Un'ossessione che poi diventa talento quasi per “autocertificazione”, di fatto spernacchiando un po’ la critica e i suoi mezzi di valutazione basati su parametri “materialistici”: come la presunta “preziosità” di un oggetto sulla base di recensioni favorevoli (che si possono falsare) disponibilità sul mercato (che si può falsare), prezzo (che si può anche lui falsare), firma di un autore (falso). 

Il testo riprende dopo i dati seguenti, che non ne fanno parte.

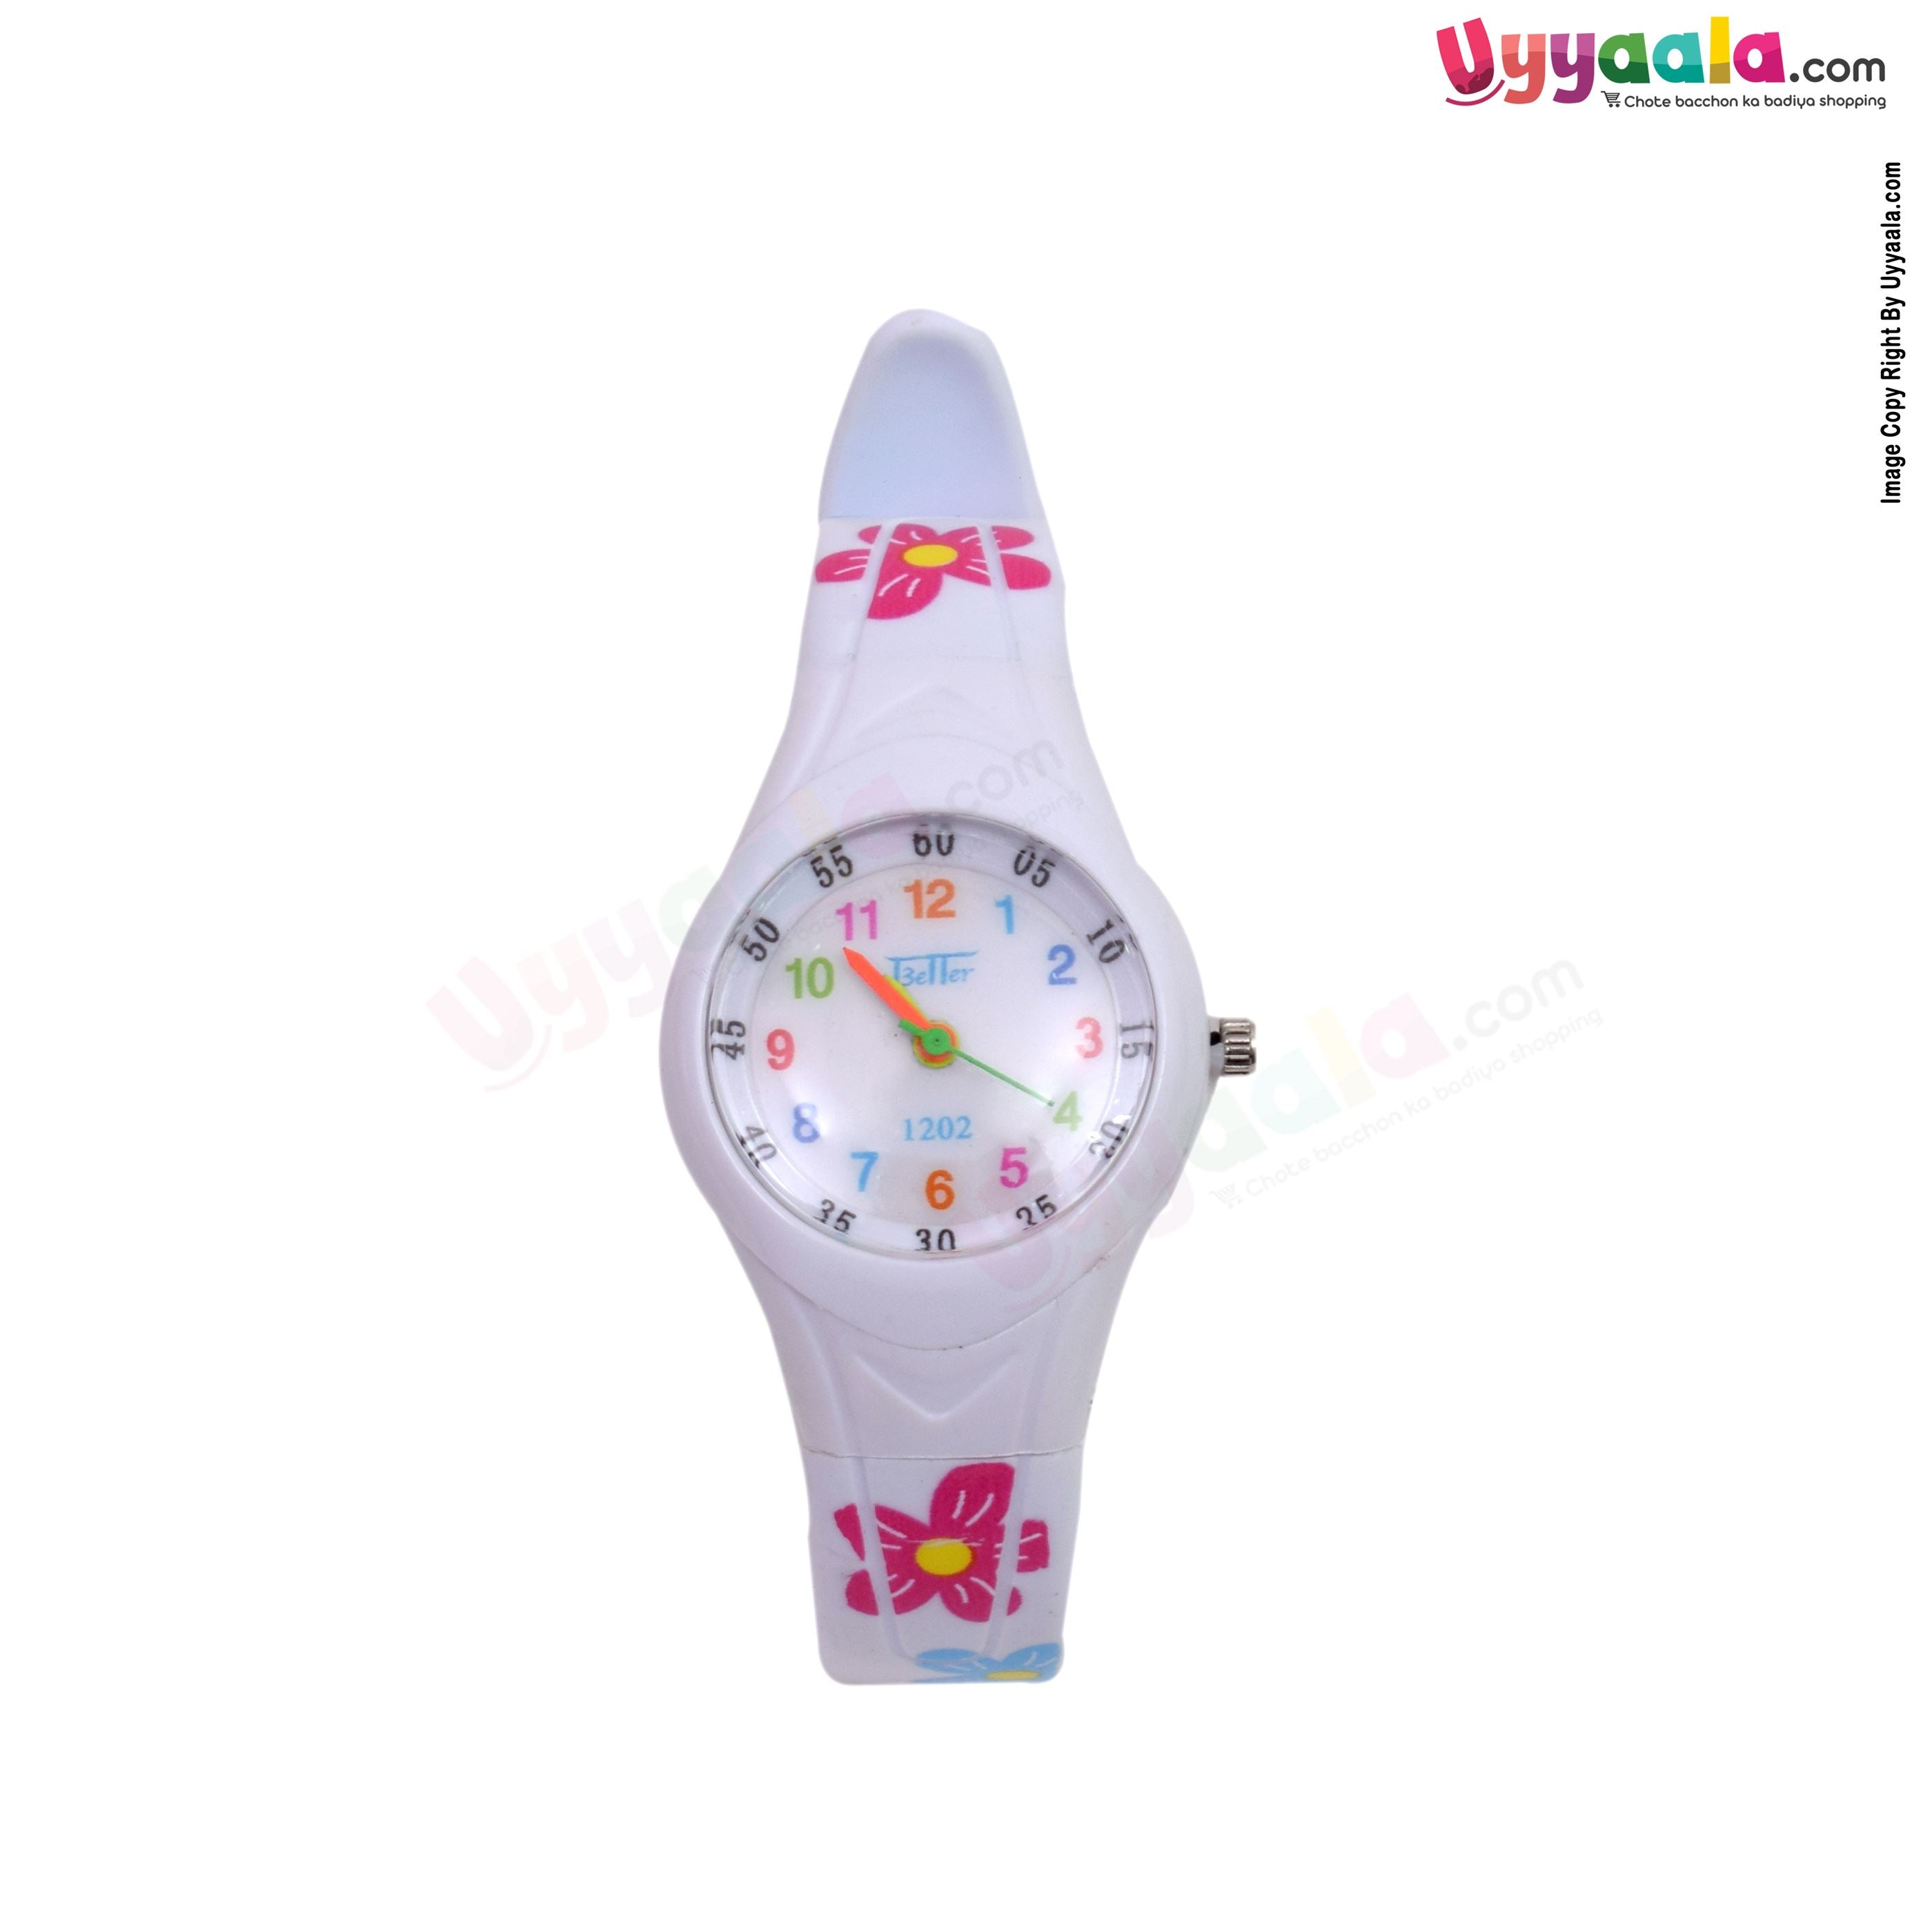 White analog wrist watch for kids

Solo dopo che sono state “certificate come  arte”, le opere di Bag Man diventano di colpo opere piene di fascino e significati profondi… che vanno anche al di là degli effettivi intenti. È solo allora che “il primitivo diventa arte”, sembra suggerire Nicol Paone. Decisamente un punto di vista scorretto, ma in qualche misura anche squisitamente “critico” di un sistema che oggi potrebbe, per qualcuno, far fatica a smentire che le cose possano di fatto accadere in questo modo. 

Interessante e davvero inquietante il ruolo di Joe Manganiello, che nemmeno per un istante assume i contorni comici che ci si aspetterebbe. Il suo Bag Man, killer sul serio con velleità artistiche, in qualche modo rimane impresso e ci fa temere sul possibile “cuore nero” degli autori di certe opere d’arte decisamente disturbanti. 

Anche il fatto che venga dipinto un mondo dell’arte in perenne balia di ricchi e loschi faccendieri mette una certa ansia, piuttosto che stimolare ironia. Adeguato, ma un po’ convenzionale, il lavoro del resto del cast.

Scorrevole la scrittura, sebbene ogni tanto il ritmo si faccia altalenante e la “transizione” tra i momenti più leggeri e quelli drammatici non sempre appaia riuscita.

L’idea alla base della costruzione del film è però davvero stimolante e fa meritare a The Kill Room di Nicol Paone almeno una visione.